Il est très important pour moi de rappeler que notre travail, je devrais dire "le sens de notre engagement" c’est avant tout de protéger et d'améliorer la santé des usagers, des personnes accompagnées... tout en veillant à ce que le système de santé soit sûr, de qualité et pertinent.
 

Pourquoi avez-vous souhaité rejoindre une ARS et celle des Pays de la Loire ?
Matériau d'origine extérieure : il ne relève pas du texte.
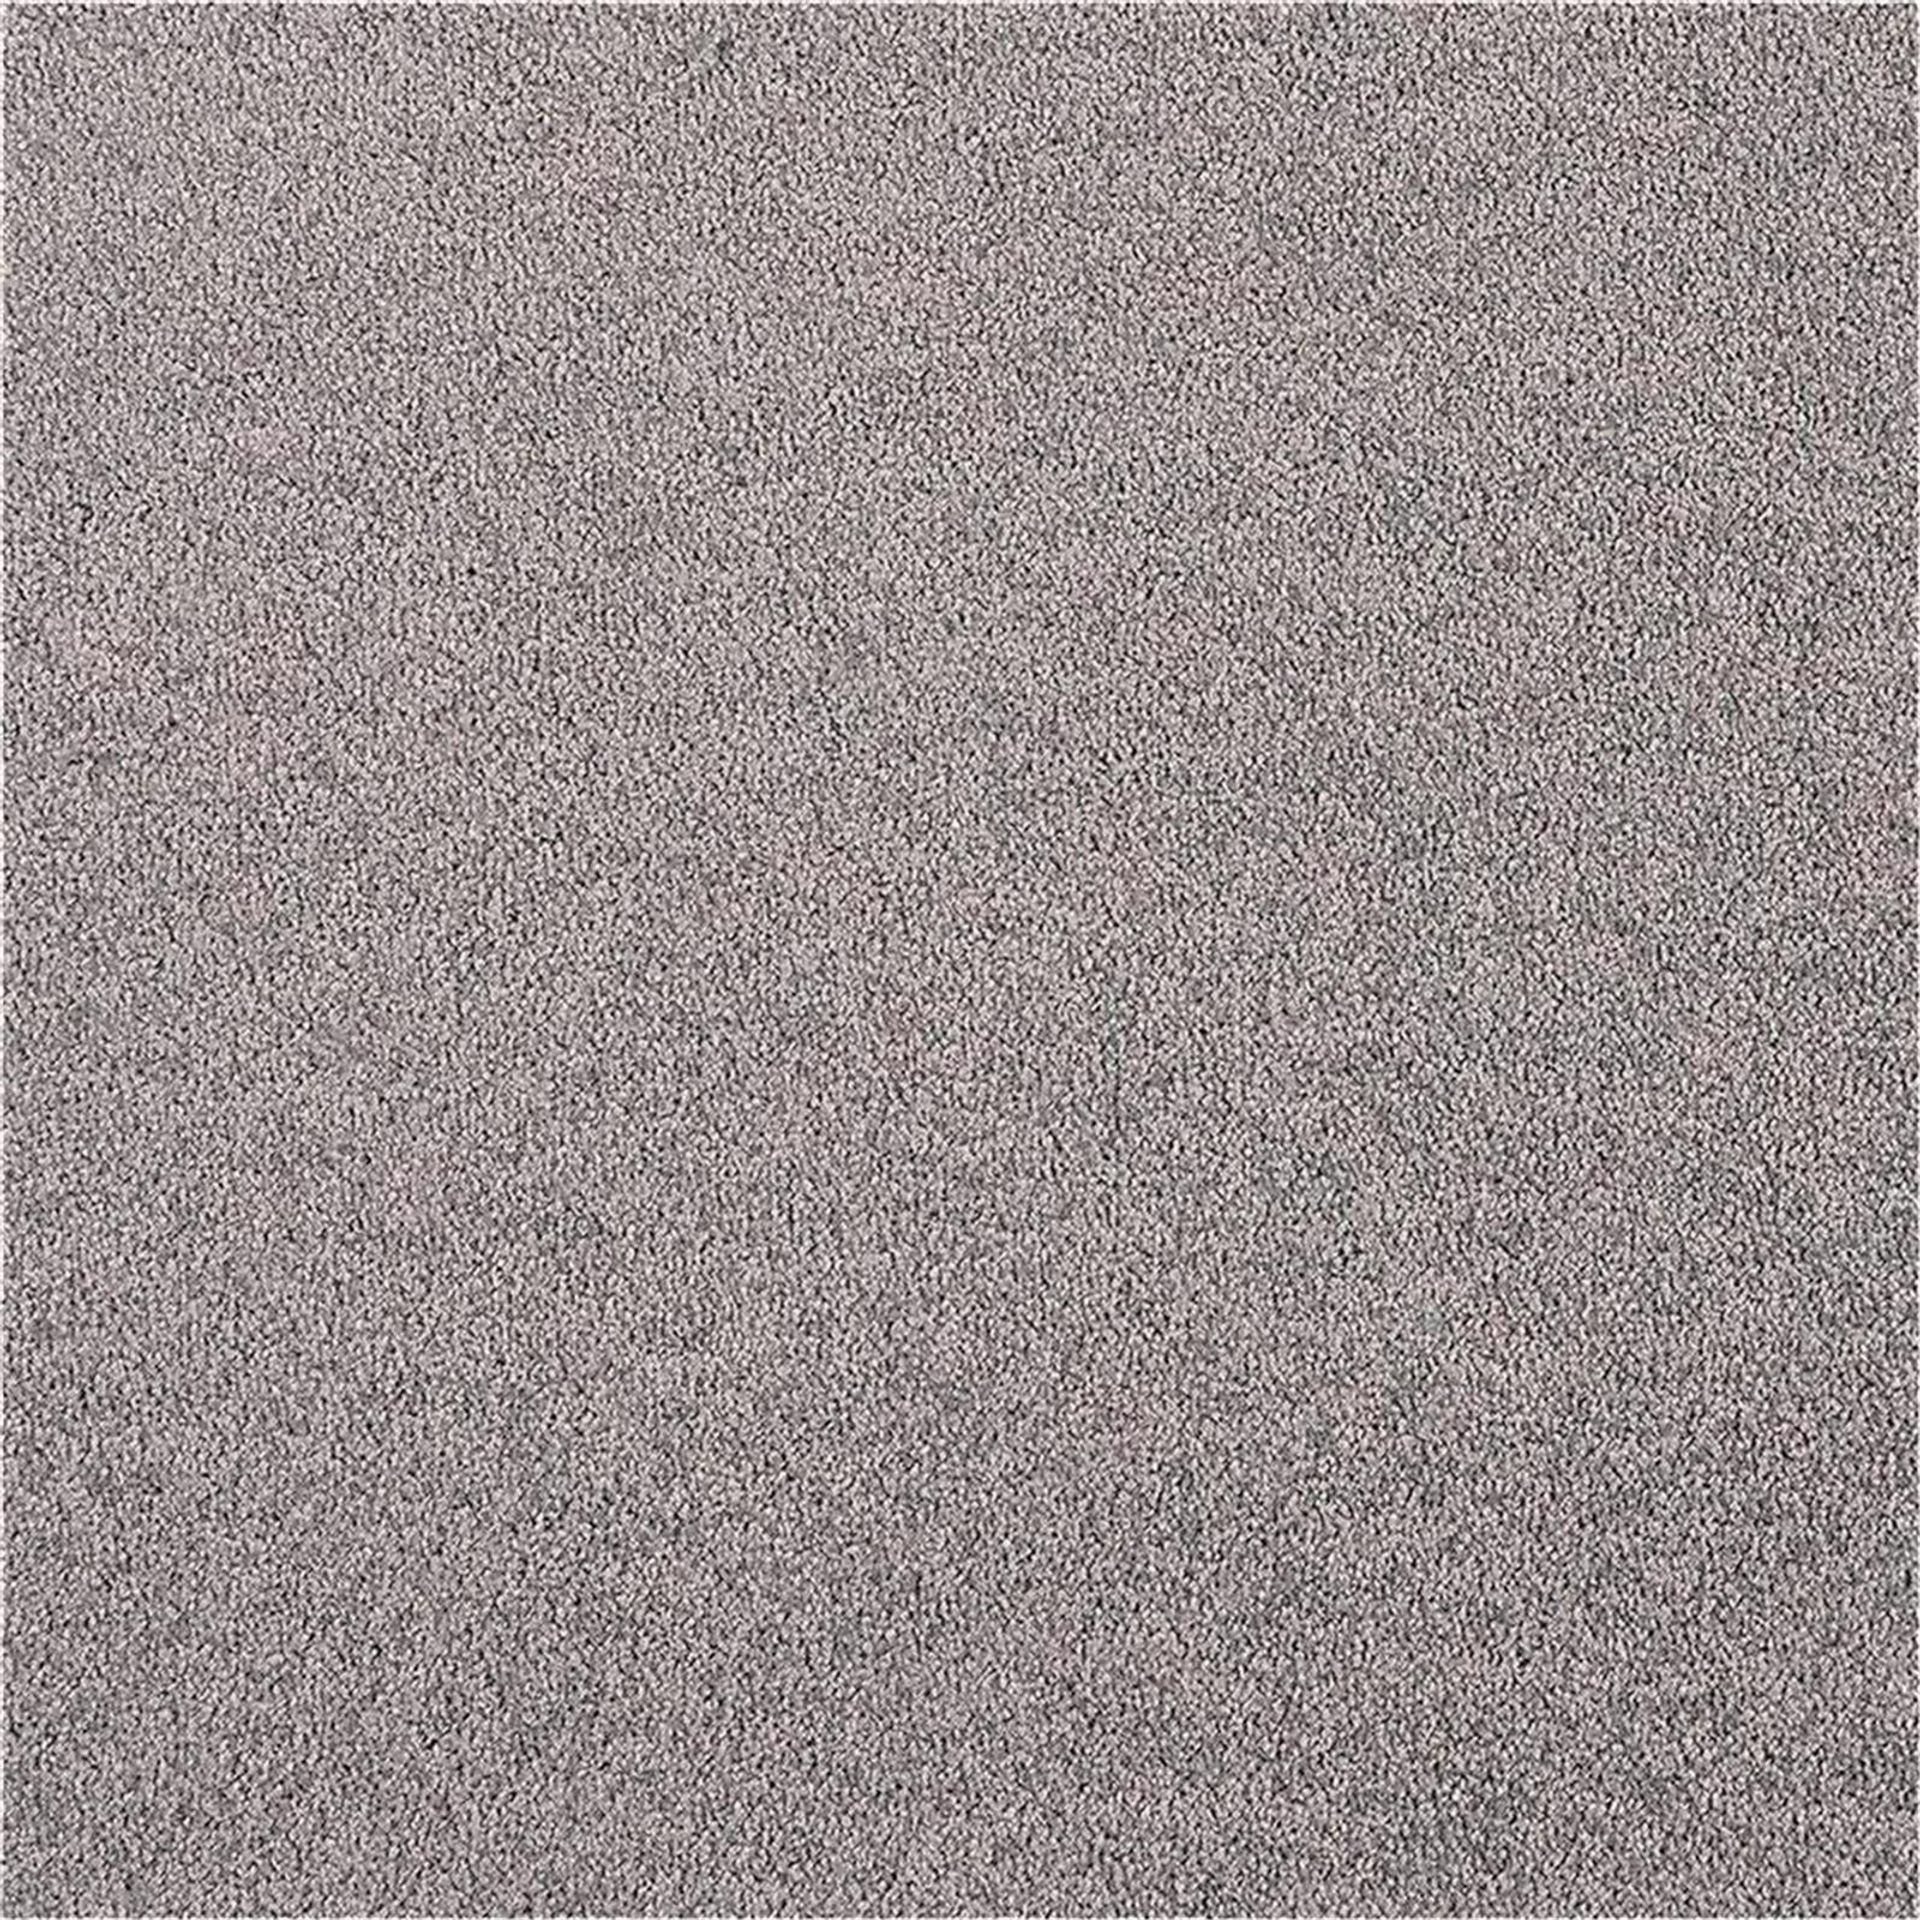 Teppichboden Infloor-Girloon Cashmere-Flair Frisé Grau 540 uni - Rollenbreite 400 cm

J’ai déjà dirigé une ARS, en Corse, pendant presque 5 ans. J’ai également fait un passage dans le domaine du social, de la jeunesse et des sports, ce qui me permet au fond de bien mesurer tout l’enjeu des parcours de vie.
Tout cela s’inscrit dans un continuum de parcours : de la prévention, aux soins, à la santé, aux accompagnements médico-sociaux, mais aussi pour tout ce qui fait la vie de tous les jours et permet d'aider aux parcours, comme le lien avec les autres politiques publiques (emploi, éducation, logement, etc.).
Je suis très marqué par cette notion de promotion de la santé, au sens large. Ce n’est pas seulement la prévention ou permettre à chacun d'être acteur de sa santé, c’est finalement tout ce qui permet de porter haut les couleurs de la santé : politique publique intégrée, systémique et inclusive ; de l’éducation à la santé, de la promotion de la santé dans les autres politiques publiques, de la démocratie sanitaire, de la transformation de l'offre de santé, de l'innovation... Au fond les ARS auraient pu se nommer ARPS (agence régionale de promotion de la santé).
Si j’ai été heureux et honoré que la ministre me confie cette ARS, c’est que j’en ai entendu parler de longue date. Vraiment, lorsque nous sommes en séminaire des directeurs d’ARS, je le dis sans flagornerie, l’ARS Pays de la Loire est souvent très en avance dans la conduite de ses projets, dans l’animation territoriale, dans l’innovation, l’expérimentation, la capacité à faire travailler ensemble les acteurs de santé.
 

La Ministre de la santé a communiqué sur la future stratégie nationale de santé, qui repose sur quatre piliers (prévention et promotion de la santé ; lutte contre les inégalités sociales et territoriales d’accès à la santé ; pertinence et qualité des soins ; innovation). Quelle sera votre méthode pour travailler sur ces sujets ?

La Ministre a rappelé des enjeux particulièrement importants et que nous allons nous attacher de relayer et d'amplifier. Nous avons une base formidable qui est le Projet régional de santé nouvelle génération. Il va porter l’ensemble de ces enjeux. Il devrait être finalisé pour la mi-mai 2018 et il est déjà bien avancé. J’envisage un PRS qui soit le plus concerté possible. Nous prendrons le temps, et cela a déjà largement commencé, de demander l’avis, l’analyse, les propositions de l’ensemble des acteurs de santé et en premier lieu, ceux de la démocratie sanitaire.
Le PRS n’est pas une fin en soi, c’est le début d’un chemin partenarial qui s’inscrit dans la durée. Il y a déjà des actions de santé qui ont été menées avant et qui vont être prolongées.
Je compte beaucoup sur nos partenaires, et nos équipes, en interne, pour y parvenir, afin de préserver cette région comme terre d'excellence et d'innovation dans le domaine de la santé.